Die Vereinten Nationen sind die oberste Instanz in Sachen Frieden und Sicherheit. Wir müssen sicherstellen, dass sie ihre Aufgaben erfüllen können. Hierzu gehört auch ein neuer reformierter Sicherheitsrat, der transparenter, aber vor allem auch repräsentativer ist. Wir hoffen, dass wir zu diesem Thema in der 62. Generalversammlung den Rahmen für einen Verhandlungsprozess abstecken können. Auch zu diesem Thema sollten wir in engem Kontakt bleiben.
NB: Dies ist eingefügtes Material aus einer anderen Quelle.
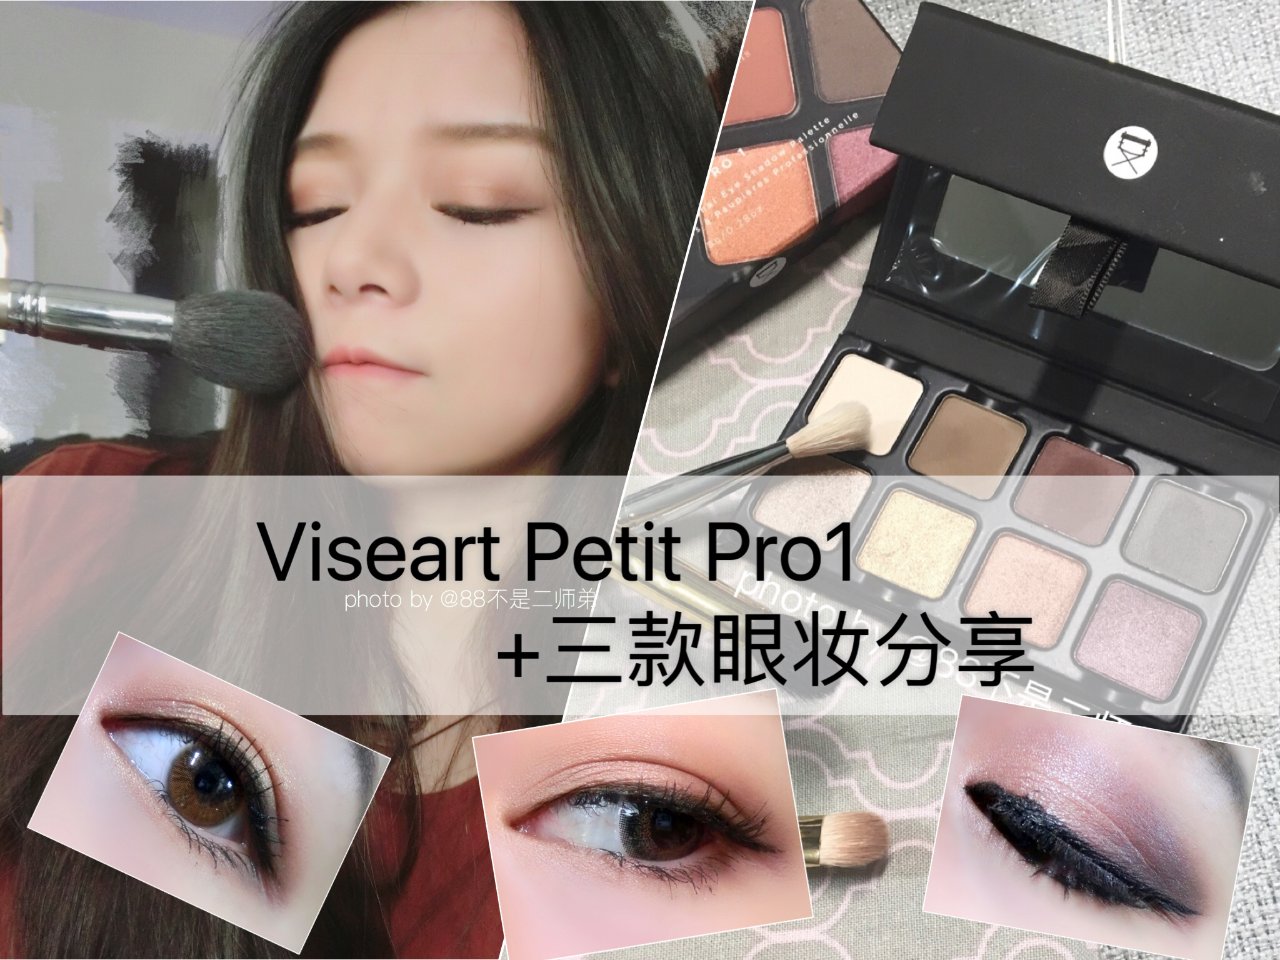 Viseart Petit Pro1三款眼妆及心得分享

Lassen Sie mich in aller Kürze einen zweiten Bereich ansprechen, der unsere gemeinsame Aufmerksamkeit verdient: Bildung und Kultur. Im Kiswahili sagt man – Frau Migiro – korrigieren Sie mich bitte: "Jambo usilolijua ni kama usiku wa giza." – Ignoranz ist wie eine dunkle Nacht. – Ähnliche Sprichwörter gibt es, da bin ich mir sicher, in vielen anderen afrikanischen Sprachen.

Und es stimmt: Globalisierung ist zu einem großen Teil ein Wettbewerb der Köpfe. Bildung und Ausbildung, aber auch ein gegenseitiges Verständnis, das über kulturelle und religiöse Grenzen hinweg trägt: das ist das Handwerkszeug, das die Menschen heute brauchen – in Afrika wie in Europa. Deshalb wollen wir noch mehr tun, um die Schulbildung in Afrika zu fördern, deshalb brauchen wir mehr Stipendien auch für die weiterführende Ausbildung. Fortschritt und Entwicklung sind nur möglich, wenn wir in die Köpfe investieren! Deshalb wollen wir auch das Netz unserer Auslandsschulen und Kulturinstitute wieder enger knüpfen.

Meine Damen und Herren,
soweit zur Einleitung von meiner Seite. Ich freue mich, dass Sie hier sind, und ich freue mich auf unser Gespräch.